FWIW, the transactional properties of a Postgres-backed queue were so convenient that we took advantage of them for a long time (and still do) despite the fact that they have a few caveats (e.g. poor degraded performance as outlined in the post), but more recently there's been a bit of a shift towards Sidekiq (probably because it's generally very problem-free and has some pretty nice monitoring tools).
(Disclaimer: I authored this article.)
We're super cautious about long-running transactions anyway, as they cause a load of other issues (e.g. http://www.databasesoup.com/2013/11/alter-table-and-downtime... - full blog post coming soon!)
We use JQJobs (which we authored) to manage queueing and it's architected such that it could be ported to Redis or some other better backing store, or potentially even to QC/Que, which I wasn't aware of until your article (so thanks for that!).
> Fortunately our job throughput is small enough to not hit any scaling issues with Postgres, so I stuck with that because of my confidence and experience w/Postgres over the years.
I think we're in a pretty similar situation. For what it's worth, I think that a queue in PG can scale up about as well as Postgres can as long as you keep an eye on the whole system (watch out for long-lived transaction and the like).
RQ has been good to us so far. There's a simple dashboard for it that works well enough. After messing around trying to find my data in rabbitmq it was a real relief to be able to query a simple set of redis keys.
However, storing small, ephemeral messages like jobs in a queue within Postgres is a bad idea and the pain far outweighs the benefits of transactional rollback for jobs.
Instead, a much simpler solution is to plan for jobs to run at least once, use a more appropriate datastore like Redis or RabbitMQ, and build in idempotency and error handling at the job layer.

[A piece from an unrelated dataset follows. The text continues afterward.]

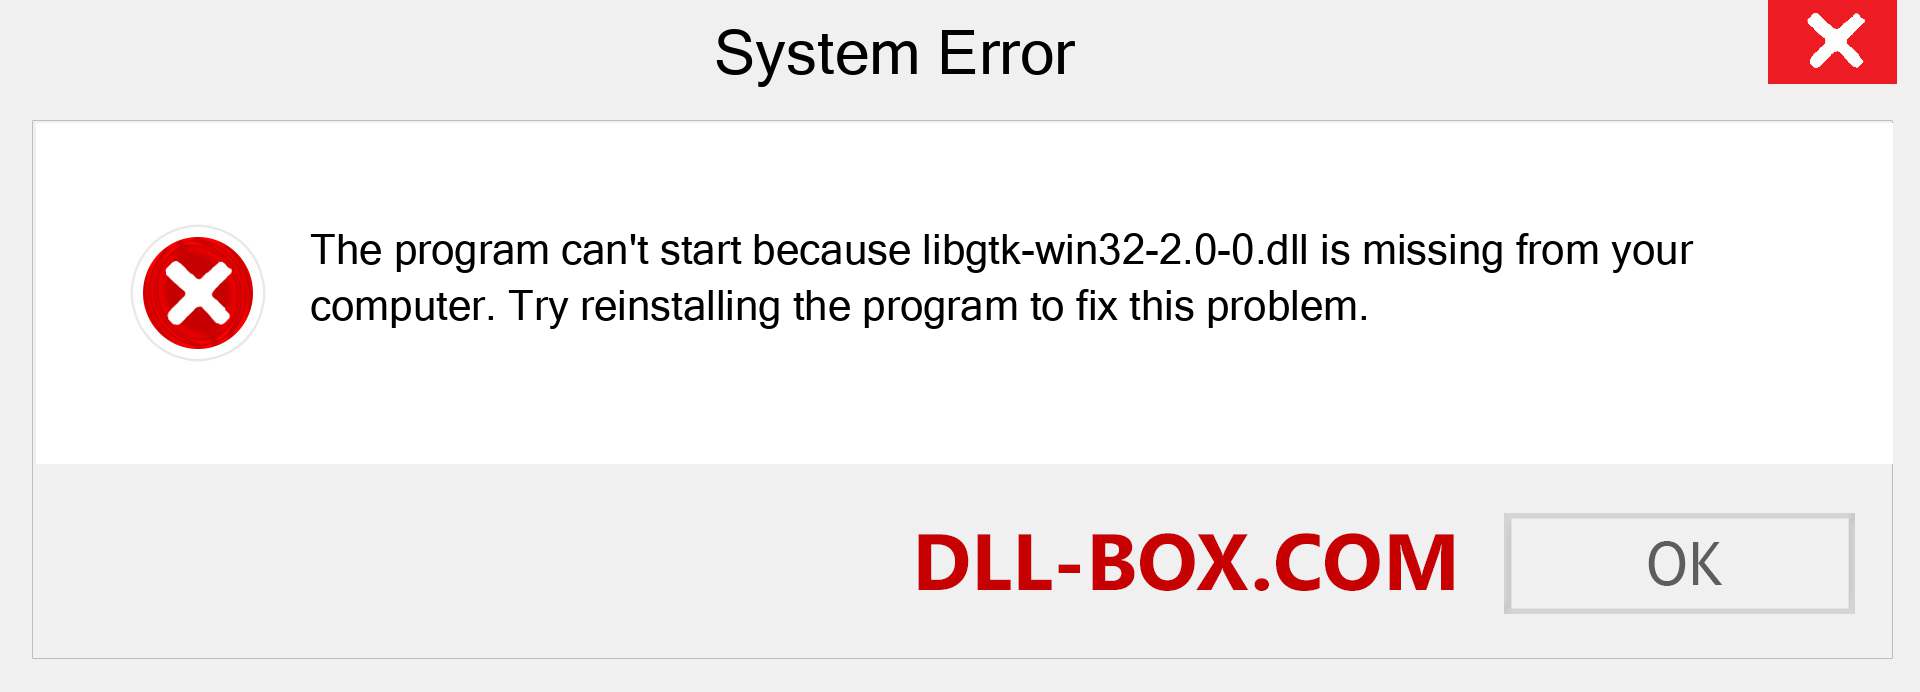  libgtk-win32-2.0-0.dll file is missing?. Download for Windows 7, 8, 10 - Fix  libgtk-win32-2.0-0 dll Missing Error on Windows, photos, images

Postgres used as a system of record shouldn't be used for ephemeral message queues.
For example, suppose you mark an account closed, commit, and then enqueue an event to issue a refund from another system. It's possible that your process may crash or be killed at just the wrong time leaving you with a closed account but no refund.
So what if you enqueue the event before you commit? In that case, you might crash before committing which will automatically rollback. Now you've done a refund on a non-closed account.
Transactions make it trivial to guarantee that either both happen or neither do. There are other ways to get that guarantee, but they require more work and are more error prone.